The basic layout of the window of “Add a new table” is shown in Figure 9. User can enter the available variables to the “Columns” field. The description of the available variables are listed in Table 1.

Table 1:  Available variables for precipitation simulation with nucleation model

Variable Name	Description
time	Time of elapsed thermal condition
log10(time)	Log-scale time of elapsed thermal condition
T	Temperature
f(@*)	Volume fraction of each phase
x(*)	Overall chemical composition in mole fraction
w(*)	Overall chemical composition in weight fraction
x(*@*)	Average chemical composition of each phase in mole fraction
w(*@*)	Average chemical composition of each phase in weight fraction
nr(@*)	Nucleation rate of each phase. Unite is m^{-3}s^{-1}\
dgm(@*)	Driving force of each phase. Unit is J/mol

(1) Open any microstructure file in GUI window, as shown in Figure 10.

(2) “Open containing folder” which contains this microstructure file, as shown in Figure 11.

(3) Select all .VTK files for usage, as shown in Figure 12. (.VTKB all binary format of VTK files, which cannot be directly viewed by text editor, but can be opened by ParaVeiw)

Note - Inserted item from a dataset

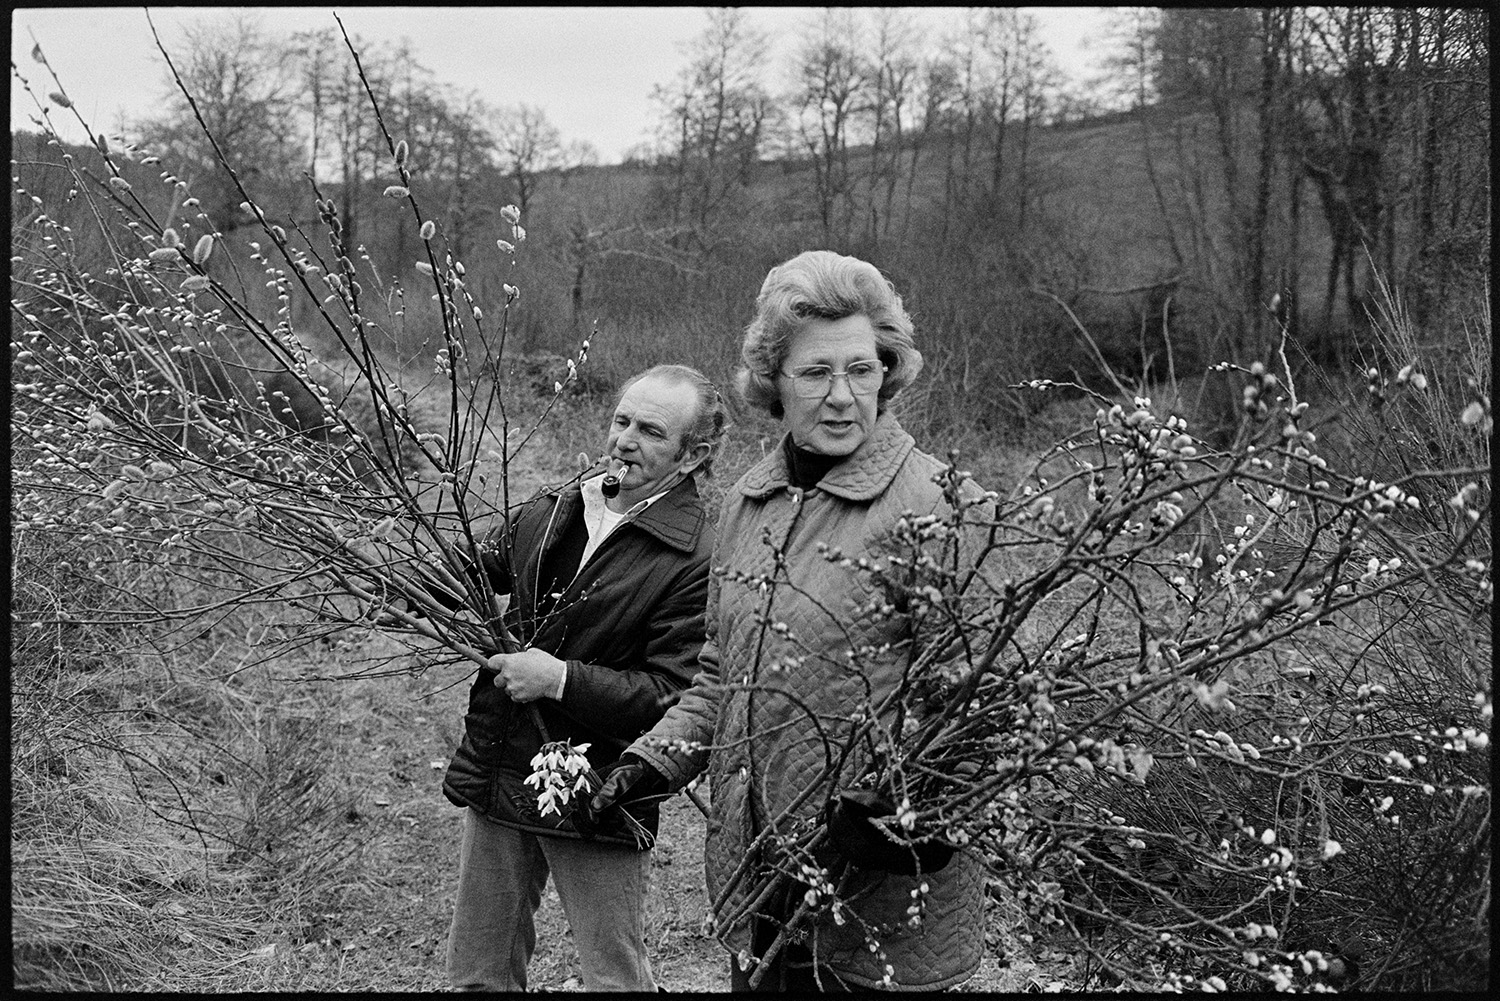 Couple collecting branches and Pussy Willow for Easter decorations in church. 
[Tom Nancekivell and Beatrice Nancekivell collecting branches of pussy willow from hedges at Combehouse, Dolton, for Easter decorations in the Church. Tom Nancekivell is smoking a pipe.]

(2) The folder containing VTK files.

Batch file and VTK files must be consistent, for example they come from a same simulation. Follow the steps to load the VTK files:

(1) Create a new result node in Pandat™ workspace.

(2) Select a batch file for the batch mode calculation.

(3) Select corresponding VTK folder form the same batch mode calculation

(4) After clicking OK in Figure 15, VTK files will be visualized.

Plugin should be organized inside “Pandat 2024/bin/PanPhaseField_Plugins” folder. Plugins inside this folder will be visible by PanPhaseField’s plugin viewer. Choose "PanPhaseField → Plugins", the Plugin viewer will show as in Figure 17.

To perform a spinodal decomposition, follow Section Step 2: Load Thermodynamic and Mobility Database and Section Step 3: Load Phase-Field Database File to load the database files “FeCrNi.tdb” and “FeCrNi.pfdb” from “Pandat 2024 Examples/PanPhaseField/plugin_spinodal” folder. Set the condition and select UER_PFM_SPINODAL plugin from Phase Field Models, as is displayed in Figure 18. And the simulation result is displayed in Figure 19.